• **Exercise description**: When writing out the listing below, reproduce every word exactly and skip the pictures.

• **Data below**:
* * * * * * * * *

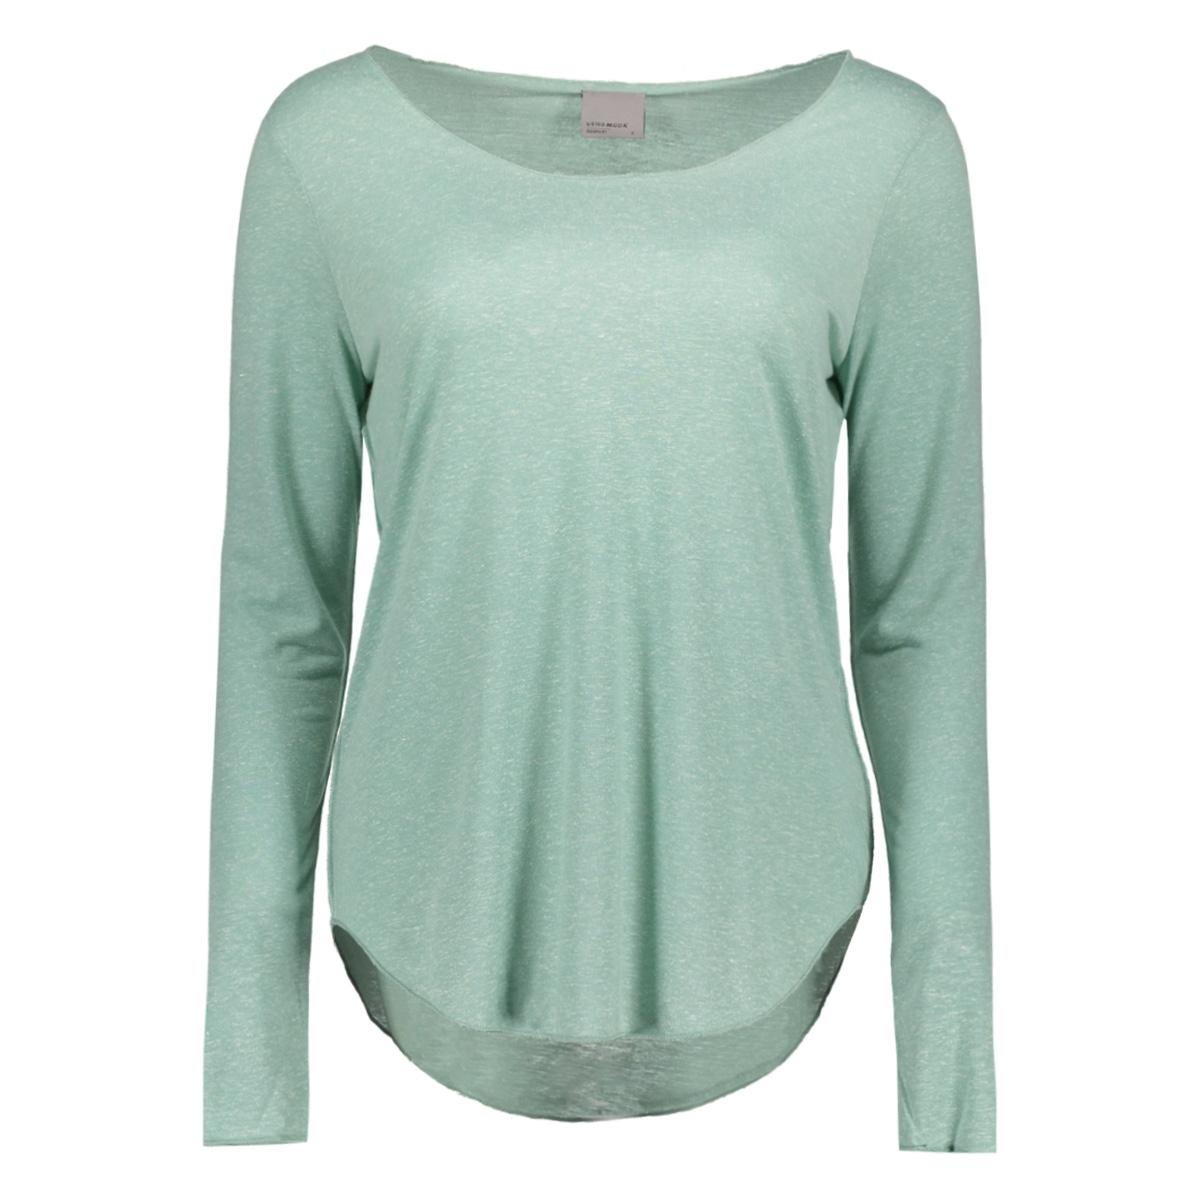 vmlua ls top noos 10158658 vero moda t-shirt blue surf
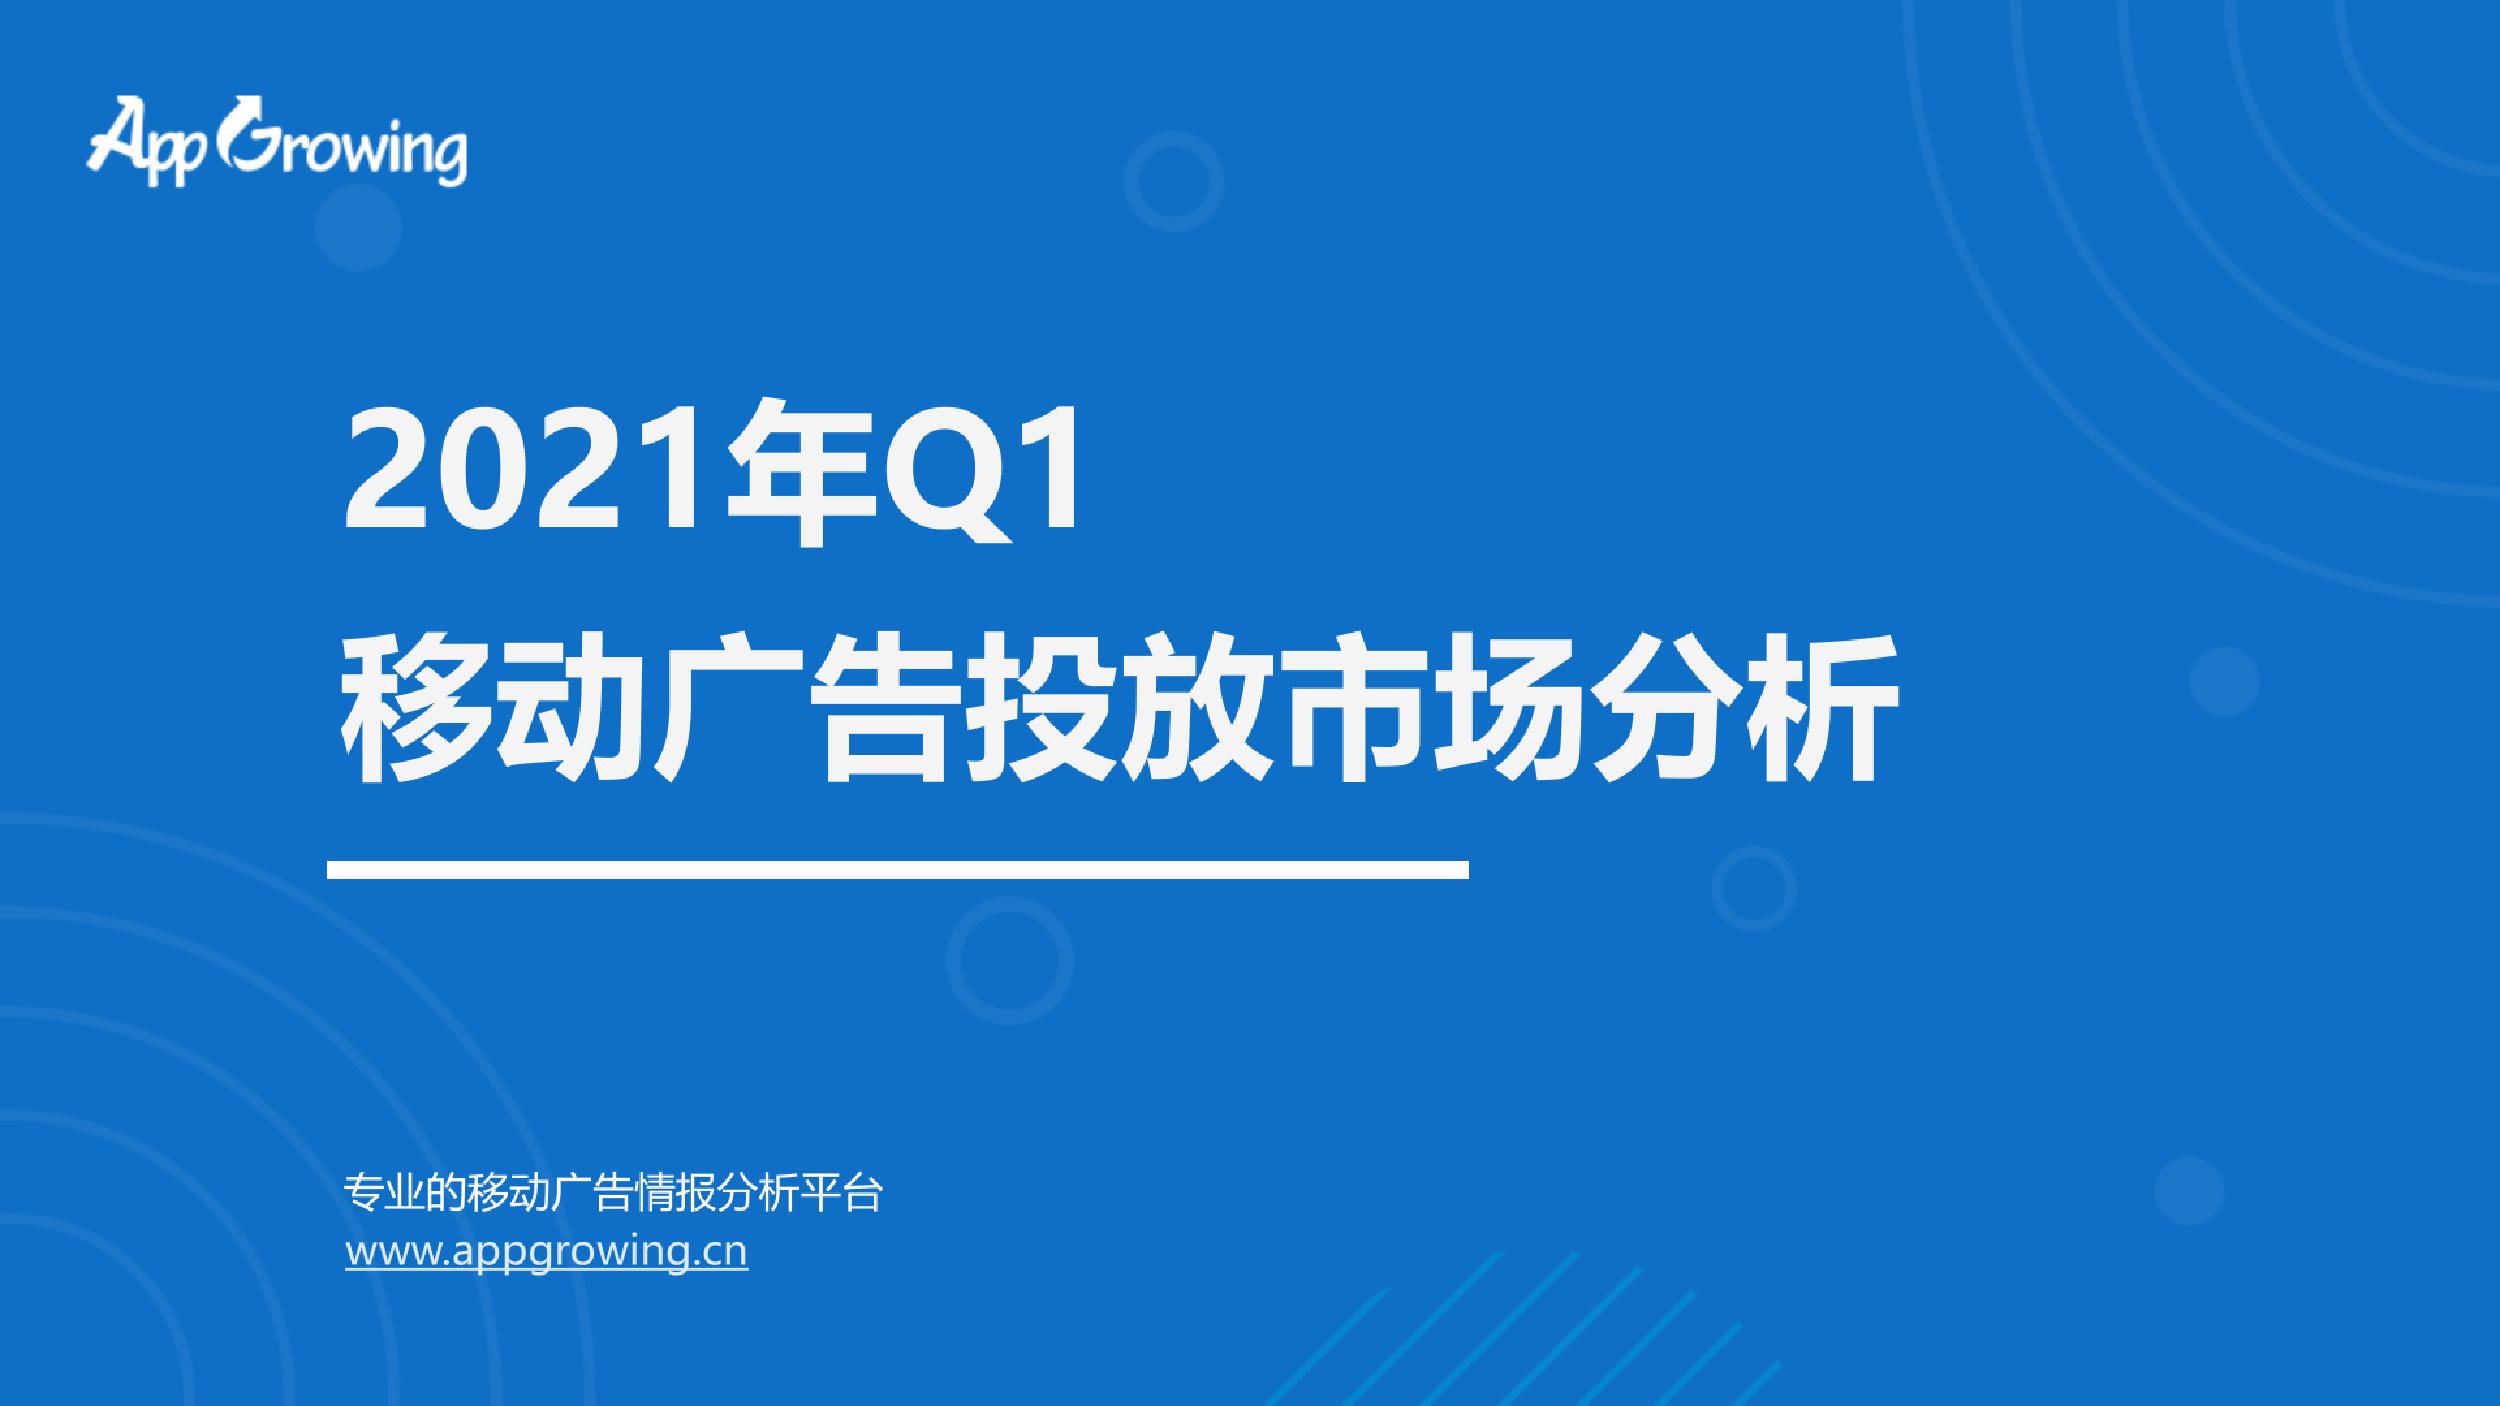 App Growing出品 - 2021年Q1移动广告投放分析报告
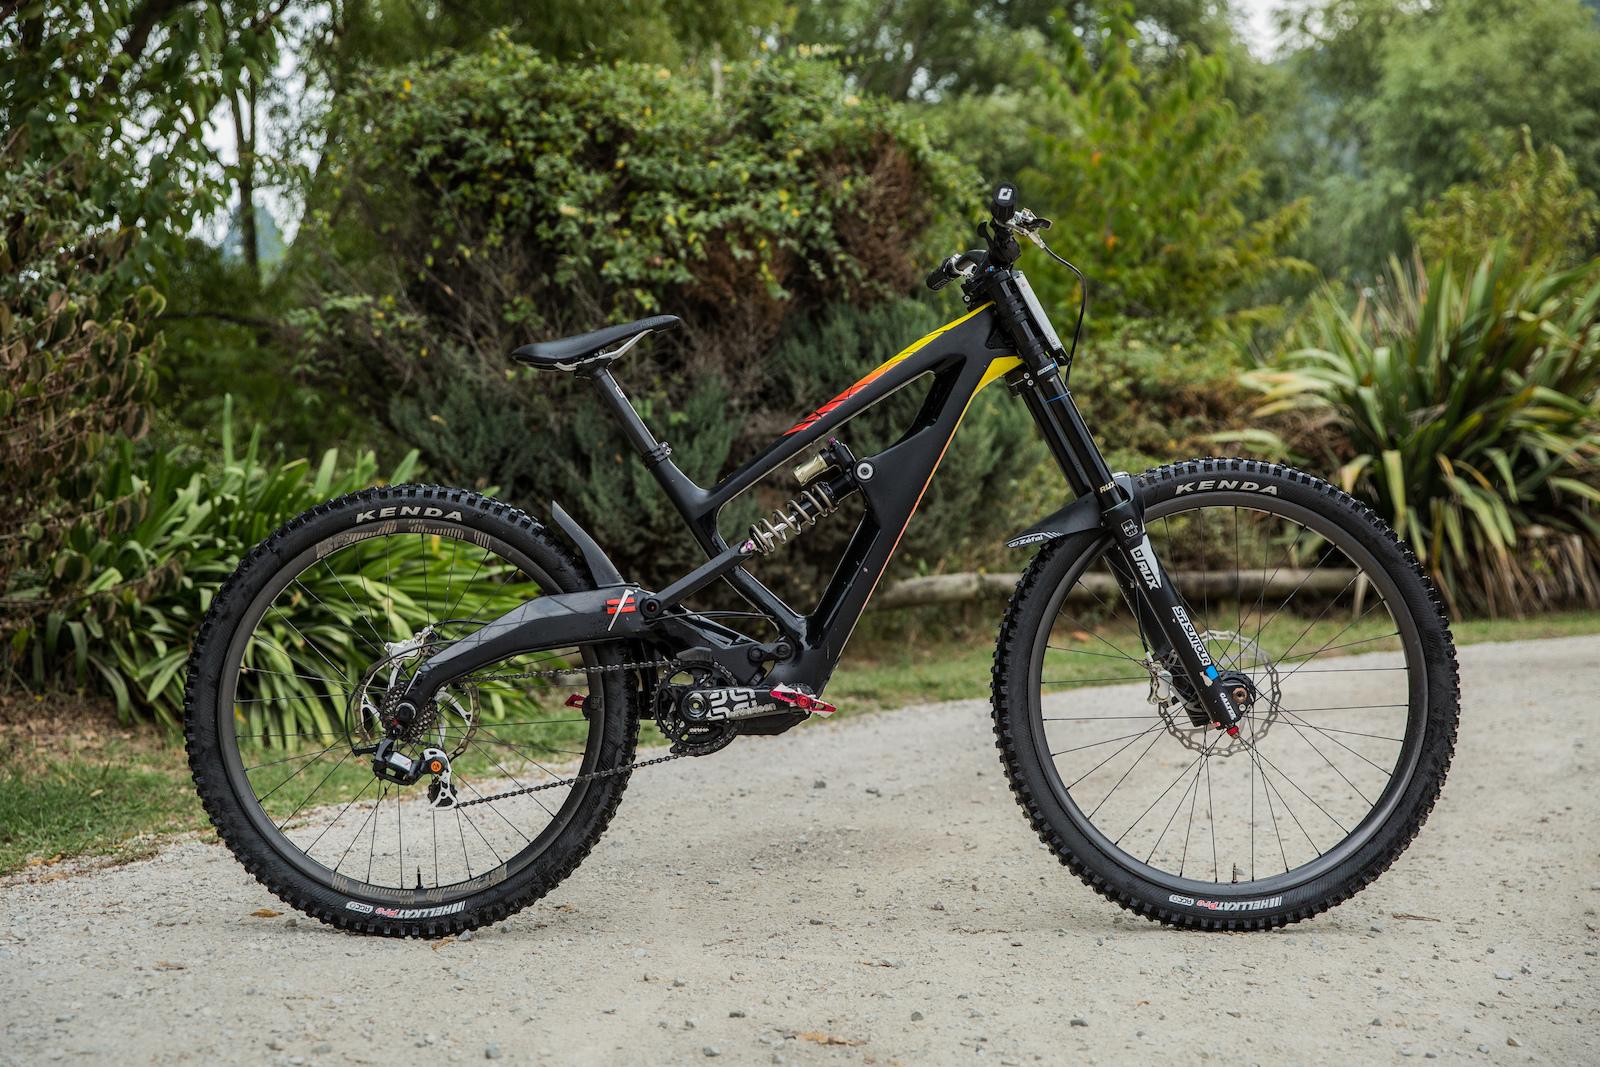 3d74dae9236 Bike Check: Mick Hannah's Mixed Wheel Size Polygon XquarOne DH ...
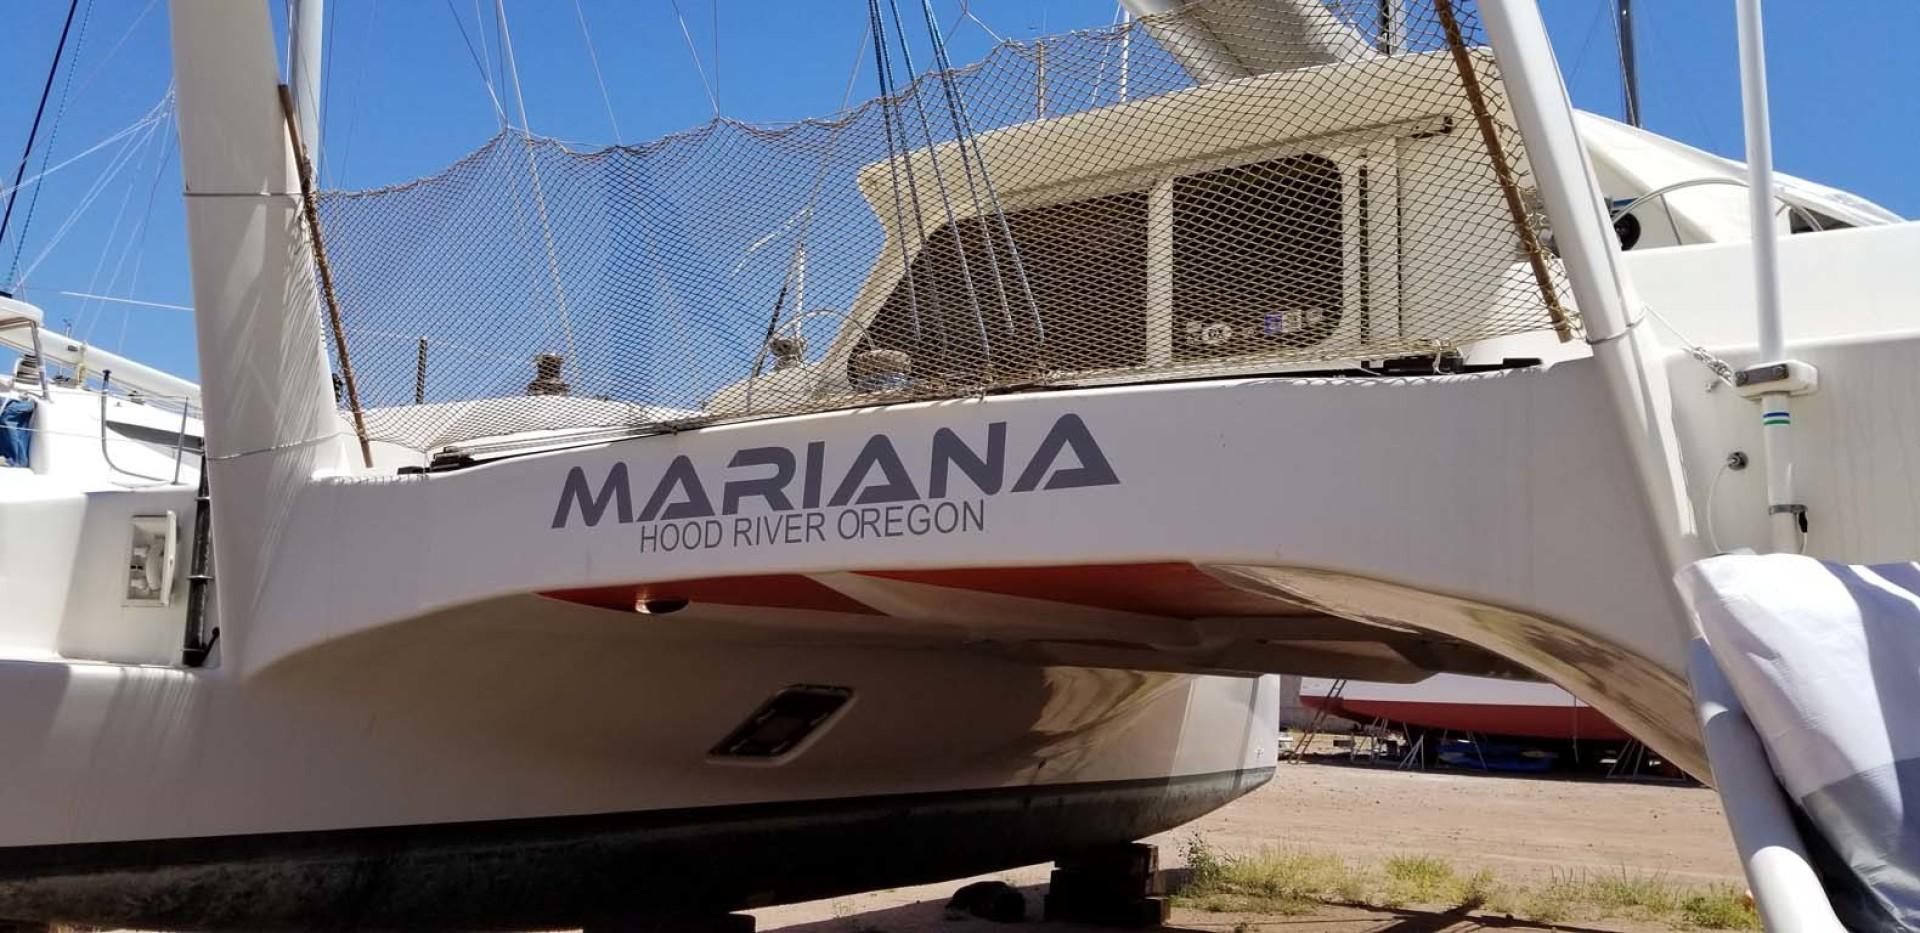 Farrier-44 SC 2014-Mariana Guaymas, SONORA-Mexico-Stern-1159498 | Thumbnail

* * * * * * * * *

• **Exercise output**:
 vmlua ls top noos 10158658 vero moda t-shirt blue surf
 App Growing出品 - 2021年Q1移动广告投放分析报告
 3d74dae9236 Bike Check: Mick Hannah's Mixed Wheel Size Polygon XquarOne DH ...
 Farrier-44 SC 2014-Mariana Guaymas, SONORA-Mexico-Stern-1159498 | Thumbnail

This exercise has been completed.